Livebook + Numerical Elixir
Mix.install(
[
{:kino, "~> 0.11"},
{:bandit, "~> 1.0"},
{:req, "~> 0.4"},
{:kino_vega_lite, "~> 0.1"},
{:kino_bumblebee, "~> 0.4"},
{:exla, ">= 0.0.0"},
{:kino_db, "~> 0.2"},
{:exqlite, "~> 0.11"}
],
config: [nx: [default_backend: EXLA.Backend]],
system_env: [
CC: "/opt/homebrew/opt/llvm@16/bin/clang",
CXX: "/opt/homebrew/opt/llvm@16/bin/clang++"
]
)
Why Livebook and Numerical Elixir?
- Focus on product and developer tooling
- Technical-depth across language design, web apps, and machine learning
- Leading both in-house and open source teams
Intro to Elixir and Livebook
Elixir is a dynamic, concurrent and distributed programming language that runs on the Erlang VM:
list = ["hello", 123, :banana]
Enum.fetch!(list, 0)
Concurrency
In Elixir, all code runs inside lightweight threads called processes.
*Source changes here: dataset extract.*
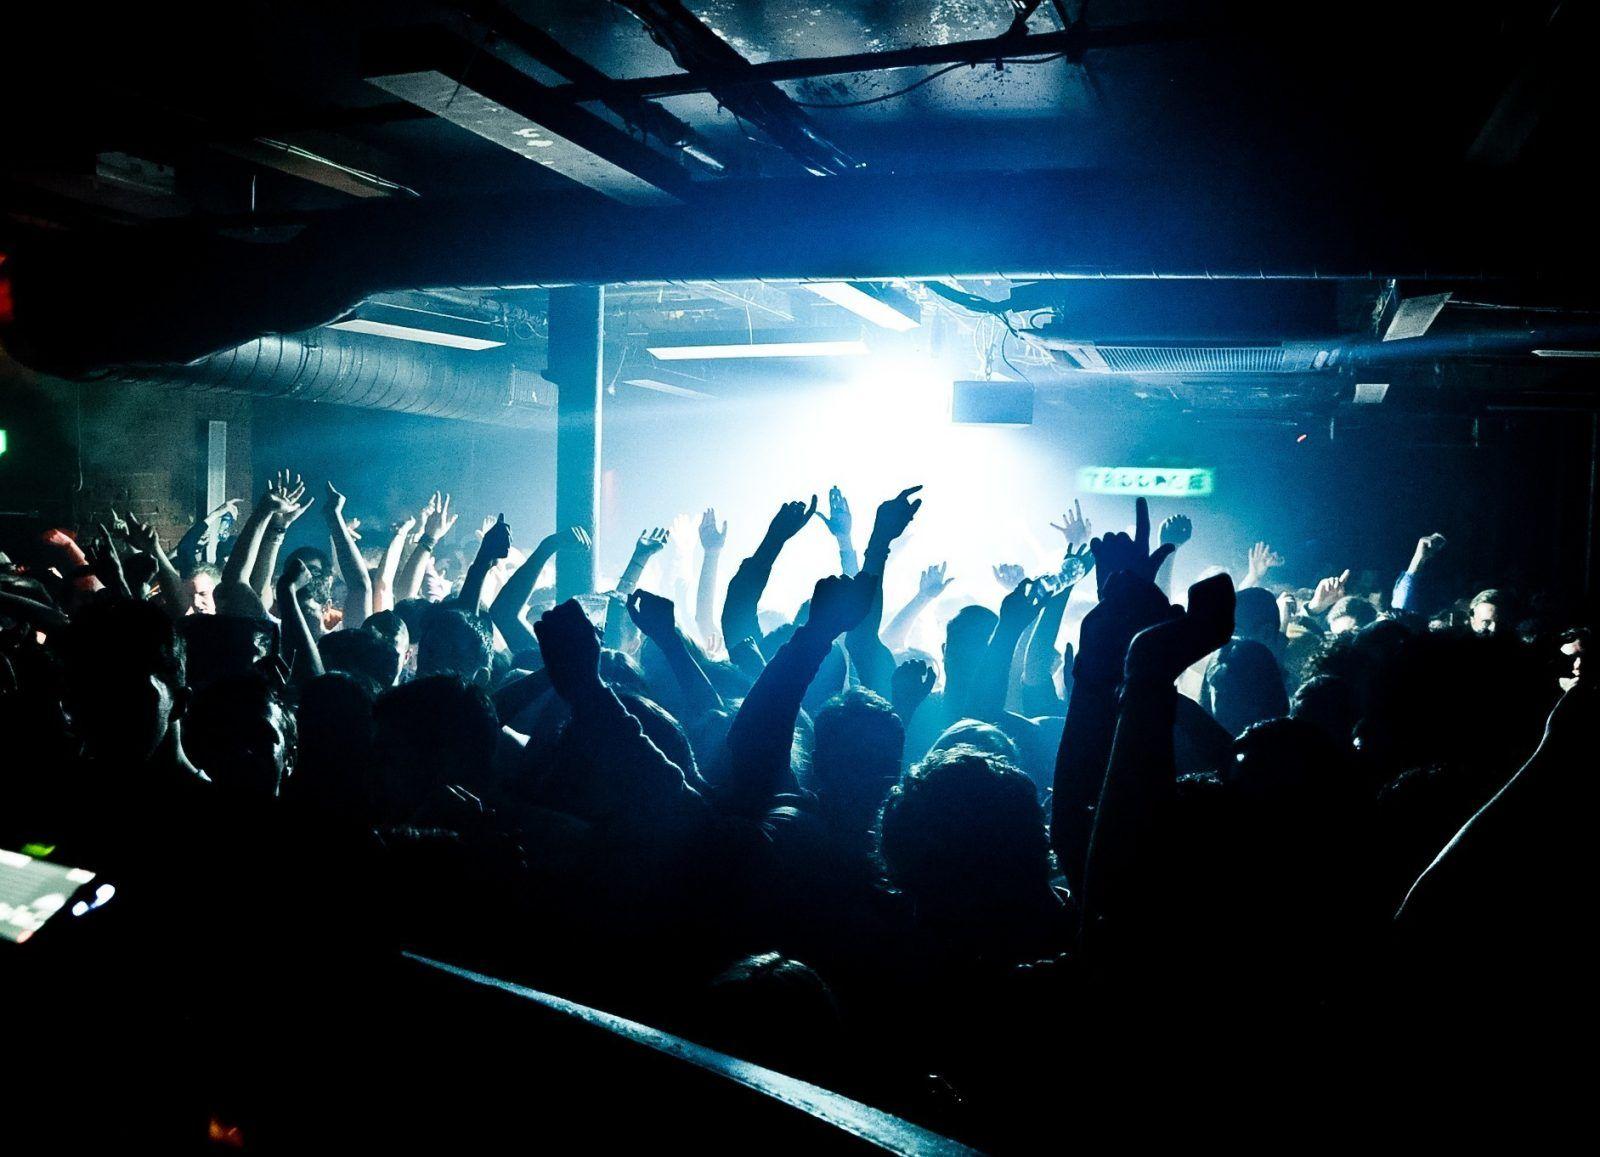 sankeys-crowd-2.jpg

We can literally create millions of them:
for _ <- 1..1_000_000 do
spawn(fn -> :ok end)
end
Process communicate by sending messages between them:
parent = self()
child =
spawn(fn ->
receive do
:ping -> send(parent, :pong)
end
end)
send(child, :ping)
receive do
:pong -> :it_worked!
end
And Livebook can helps us see how processes communicate between them!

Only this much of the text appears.